COMPASS DIVERSIFIED is structured as a diversified holding company that owns and operates a portfolio of businesses. The investment thesis centers on how the platform allocates capital and improves operating performance across distinct end-markets, while aiming to maintain a stable cash-flow base. The “how it works” is typically a mix of:

  • Operational ownership: direct management of subsidiary performance, budgeting, and cost discipline.
  • Capital deployment: reinvestment in working capital, maintenance/product investment, and selective acquisitions/dispositions.
  • Cash-flow generation: businesses producing recurring or repeatable demand that supports consolidated free cash flow.

Customer stickiness is achieved at the subsidiary level through product/process integration, contractual relationships, and switching friction—reducing the likelihood that demand disappears when one growth driver slows.

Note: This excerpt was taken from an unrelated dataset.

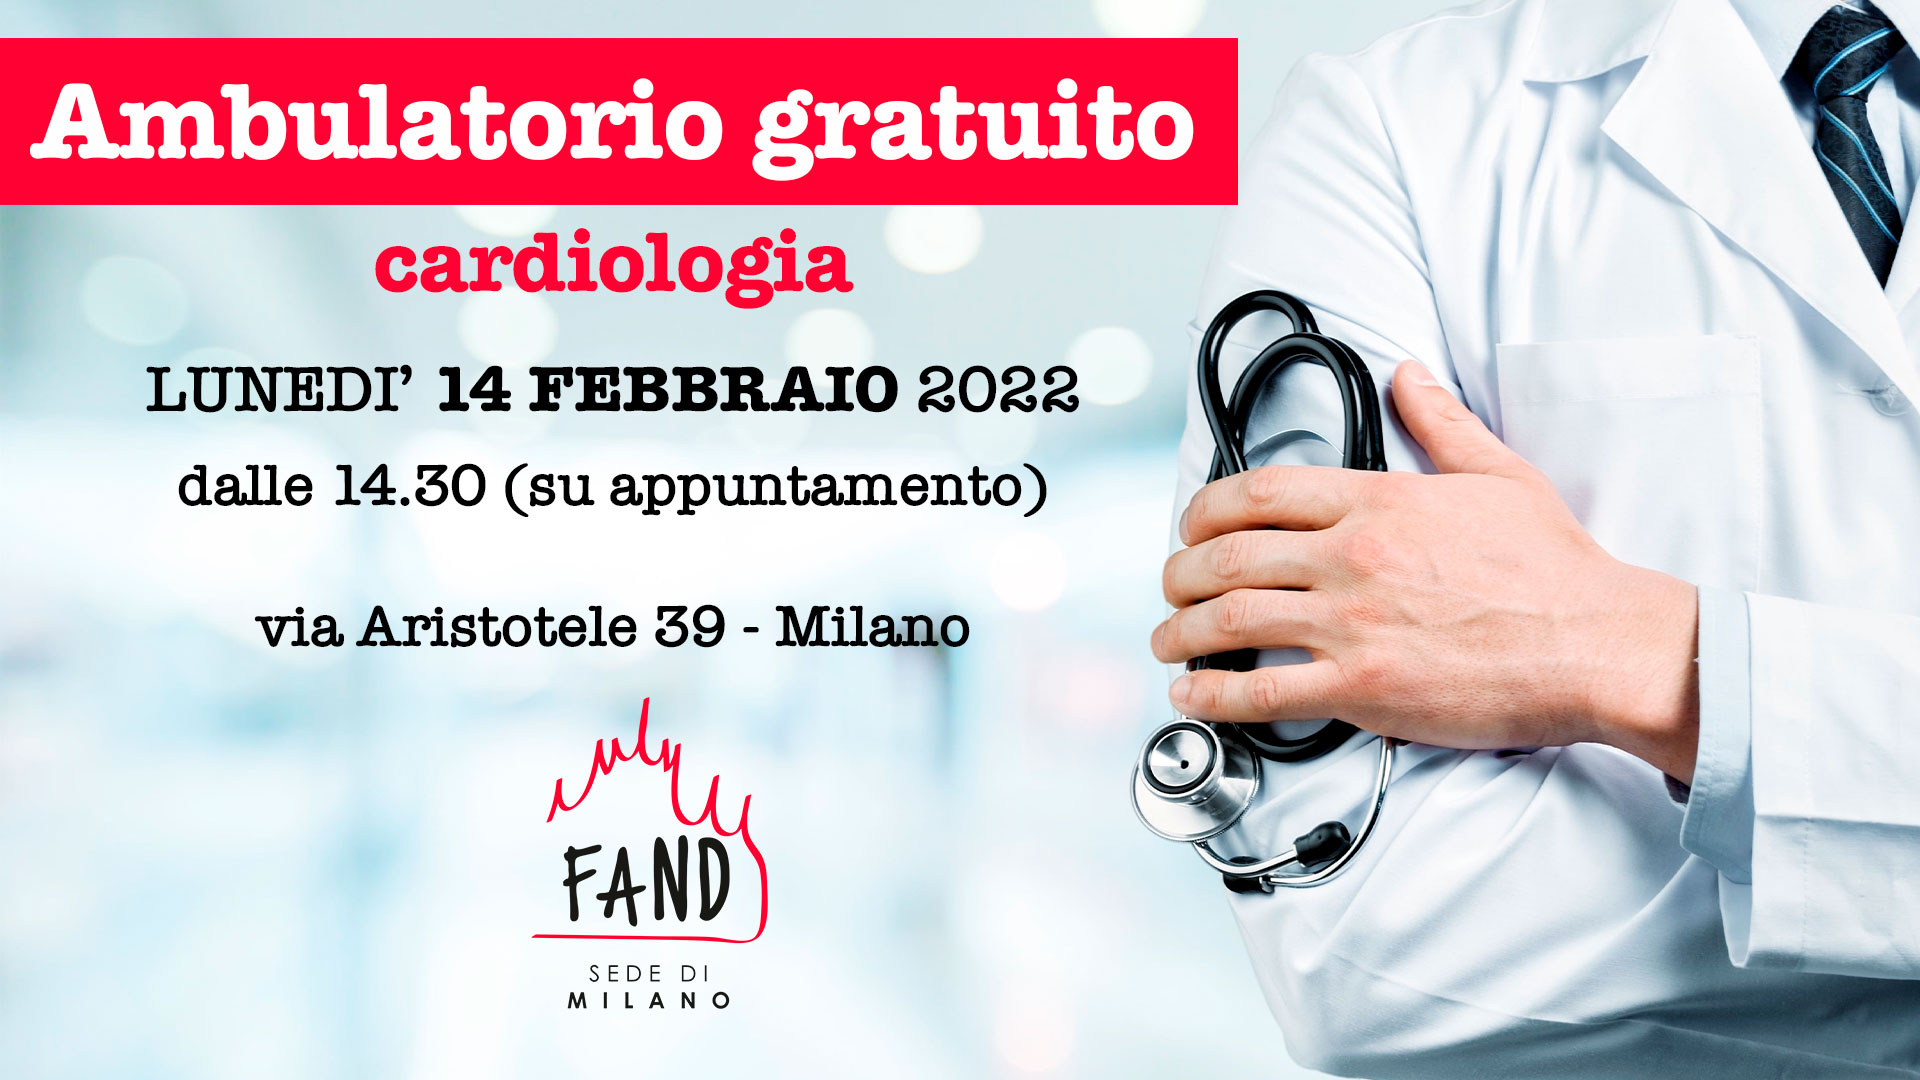 14 feb 2022 - Ambulatorio gratuito - cardiologia

💰 Revenue Streams & Monetisation Model

CODI’s consolidated revenue profile is best understood as a blend of (1) recurring or repeat-driven revenue and (2) transactional revenue tied to usage, services rendered, or project cycles, depending on the underlying operating companies.

  • Recurring/contracted components (where present) tend to provide visibility and help smooth margin volatility.
  • Transactional components can supplement growth and often scale with broader industry activity.
  • Margin drivers typically include operating leverage (fixed cost absorption), pricing discipline, disciplined procurement/vendor economics, and reducing churn or service intensity per customer.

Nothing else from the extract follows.